Data shown =
----------------

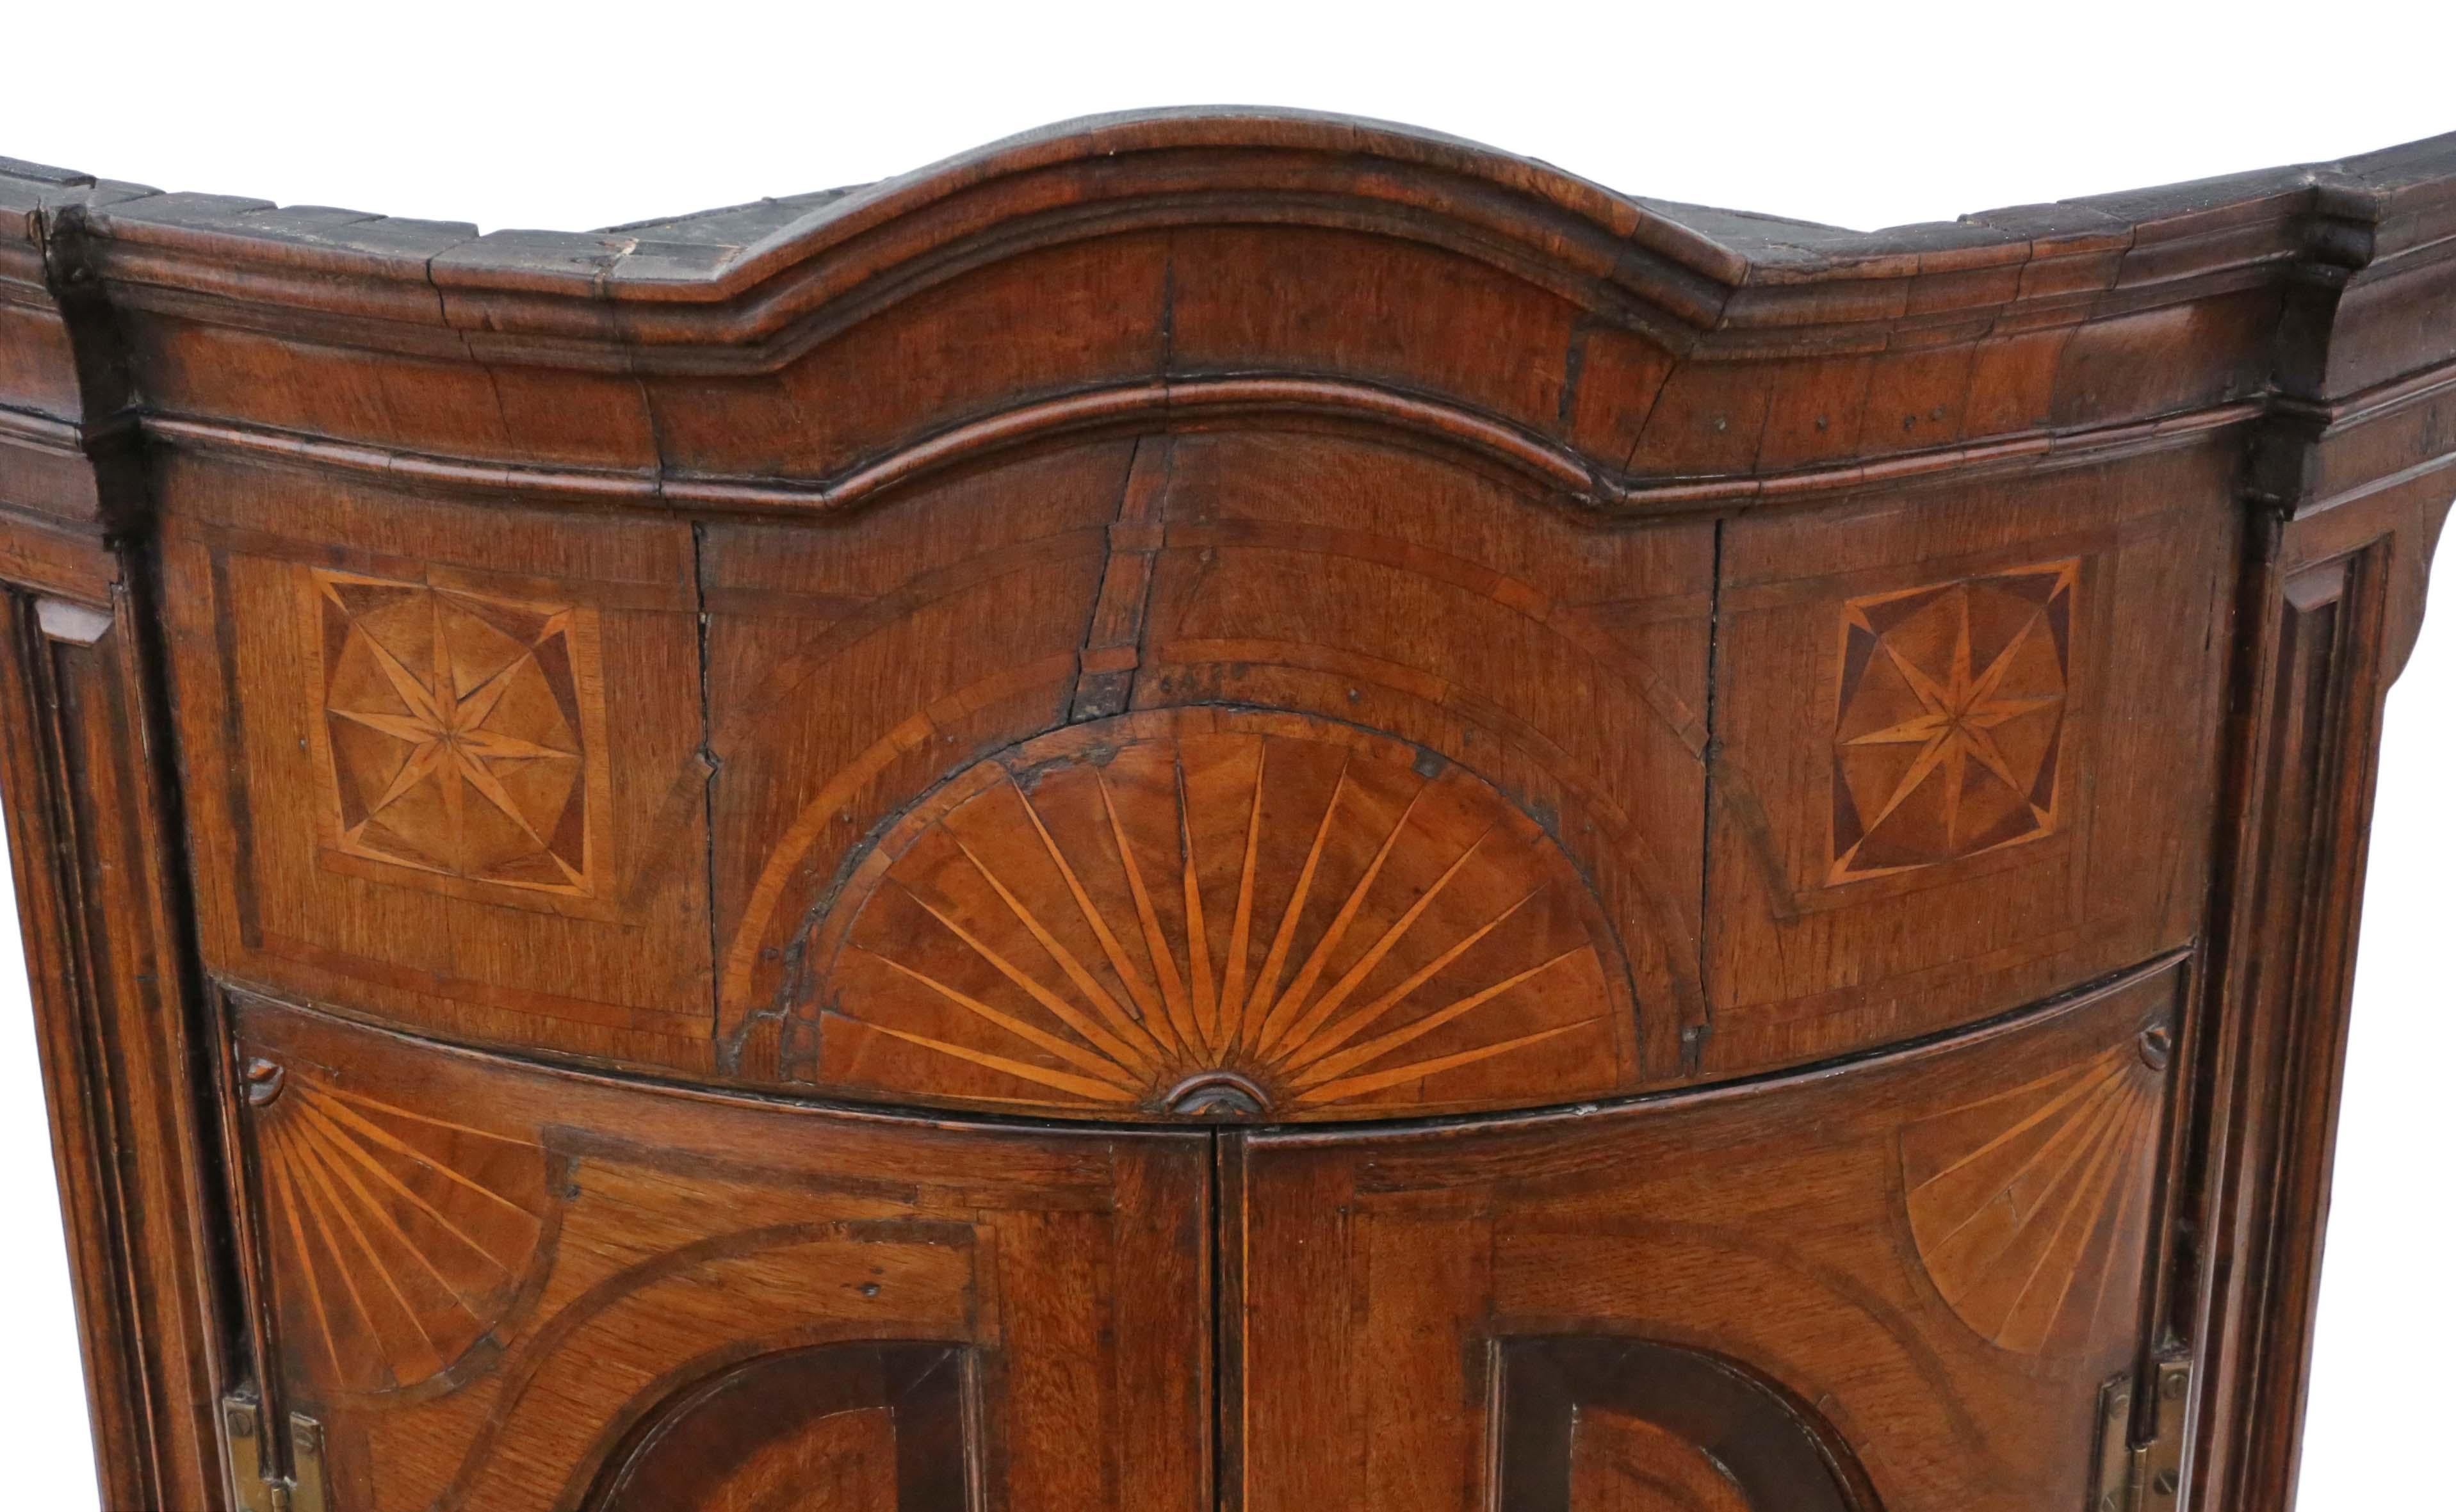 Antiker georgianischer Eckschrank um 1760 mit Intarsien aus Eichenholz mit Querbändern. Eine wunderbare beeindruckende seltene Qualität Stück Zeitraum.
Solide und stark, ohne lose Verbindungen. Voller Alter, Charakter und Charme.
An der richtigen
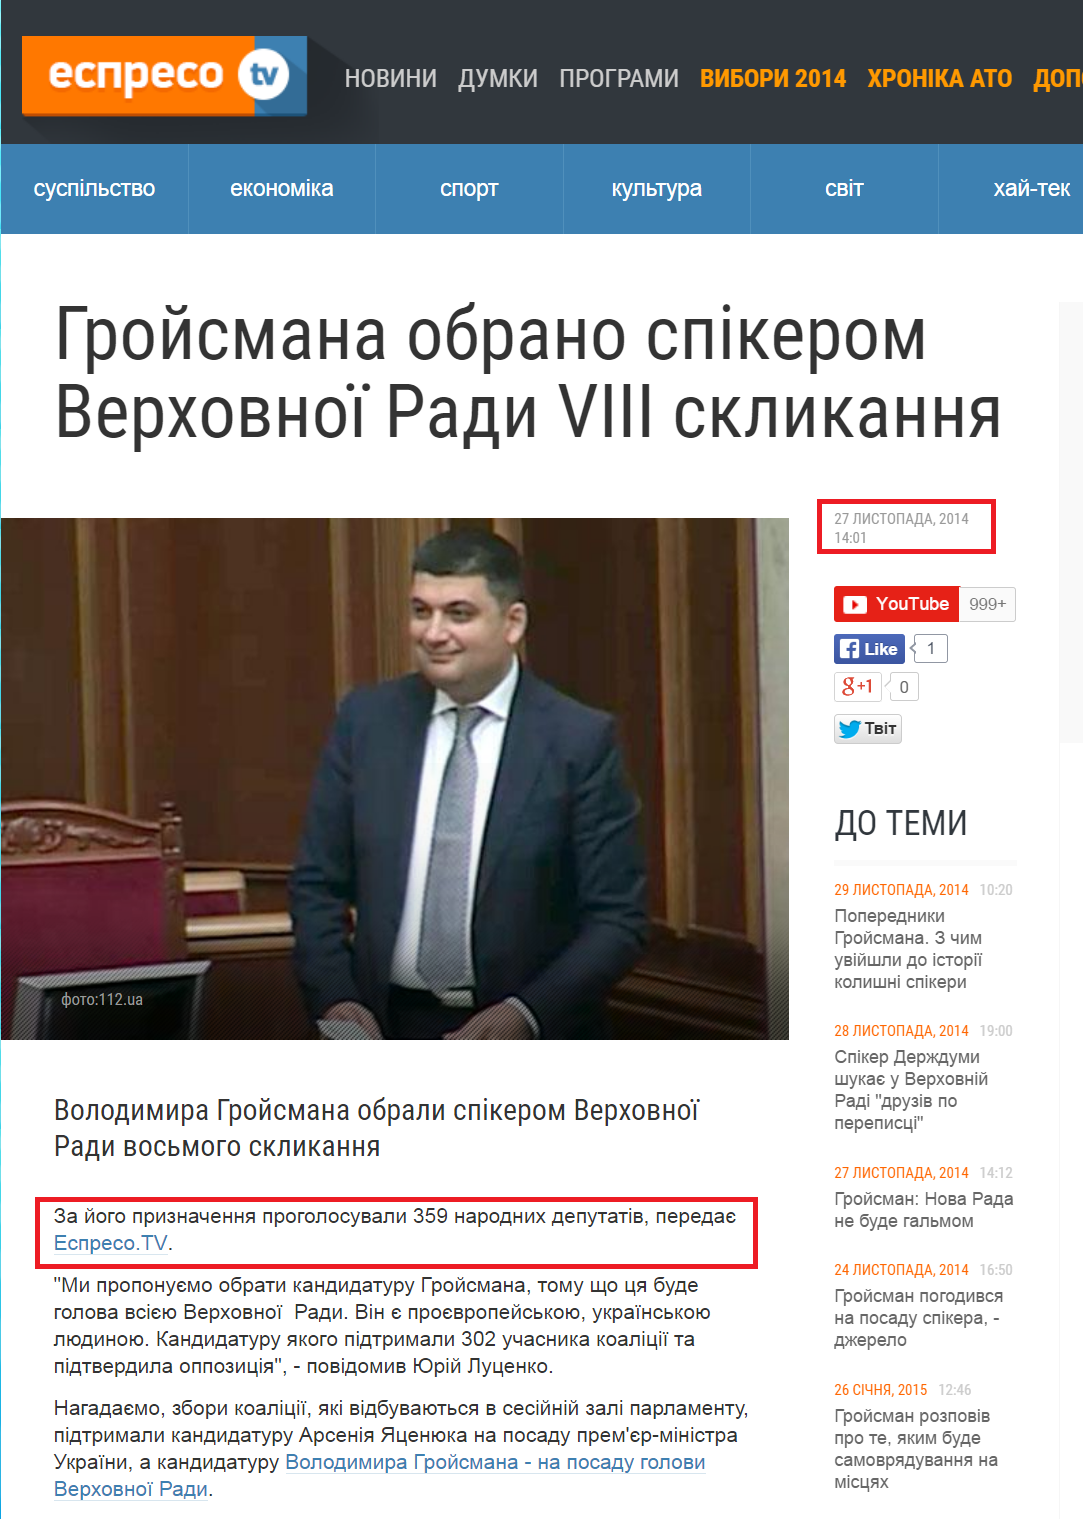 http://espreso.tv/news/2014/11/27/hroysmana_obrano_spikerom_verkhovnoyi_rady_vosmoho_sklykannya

----------------

Make an exact copy of the listing above, omitting the pictures.

 Antiker georgianischer Eckschrank um 1760 mit Intarsien aus Eichenholz mit Querbändern. Eine wunderbare beeindruckende seltene Qualität Stück Zeitraum.
Solide und stark, ohne lose Verbindungen. Voller Alter, Charakter und Charme.
An der richtigen
 http://espreso.tv/news/2014/11/27/hroysmana_obrano_spikerom_verkhovnoyi_rady_vosmoho_sklykannya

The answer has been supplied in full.